Hypoxia-inducible factor-1α DNA induced angiogenesis in a rat cerebral ischemia model

Background: Hypoxia-inducible factor-1 (HIF-1) is a transcription factor that regulates the adaptive response to hypoxia in mammalian cells. It consists of a regulatory subunit HIF-1 alpha, which accumulates under hypoxic conditions, and a constitutively expressed subunit, HIF-1 beta. In this study, we investigated HIF-1 alpha naked DNA-induced angiogenesis in a cerebral ischemic model in vivo. Methods: We utilized a rat encephalo-myo-synangiosis (EMS) model and inoculated HIF-1 alpha DNA into the brain surface or the temporal muscle. We analysed whether HIF-1 alpha induced angiogenic factors and collateral circulation.
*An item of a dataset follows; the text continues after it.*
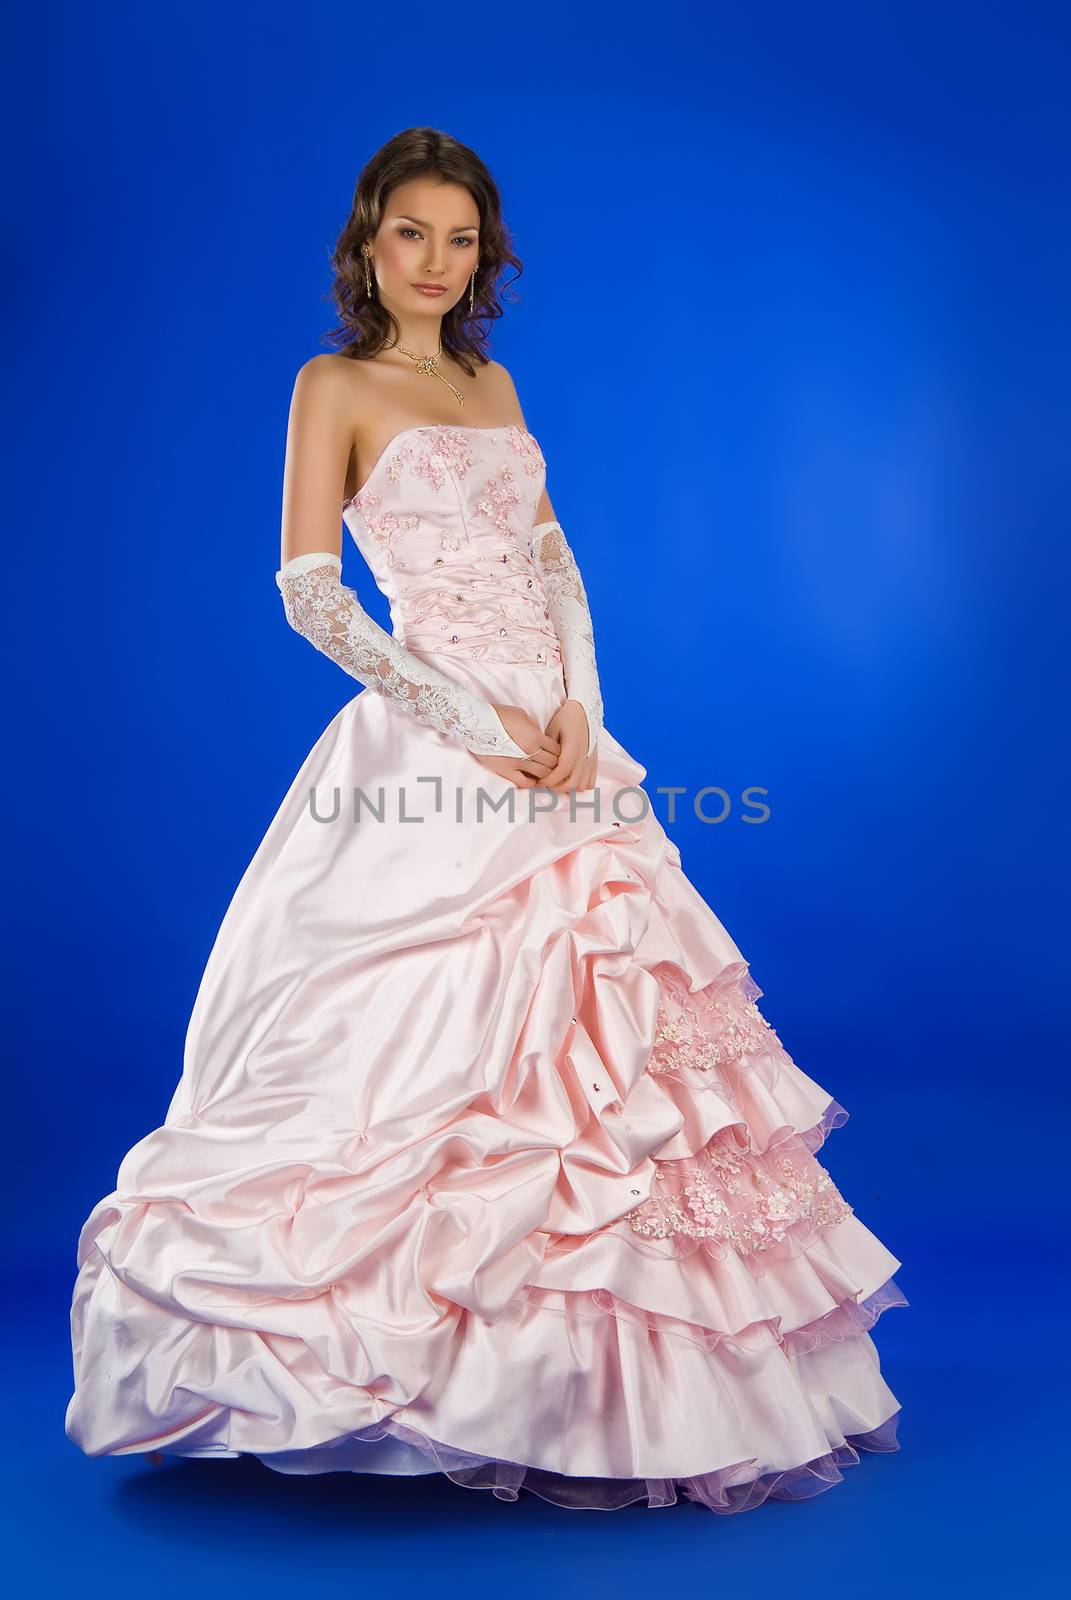 Young beautiful women in wedding dresses on a studio background

Results: A histological section treated with HIF-1 alpha DNA showed an increased expression of HIF-1 alpha and VEGF with collateral circulation, in comparison with control DNA (p < 0.01). The HIF-1 alpha transcription factor is able to promote significant angiogenesis development. Conclusion: These results suggest the feasibility of a novel approach for therapeutic collateral circulation of cerebral ischemia in which neovascularization may be achieved indirectly using a transcriptional regulatory strategy.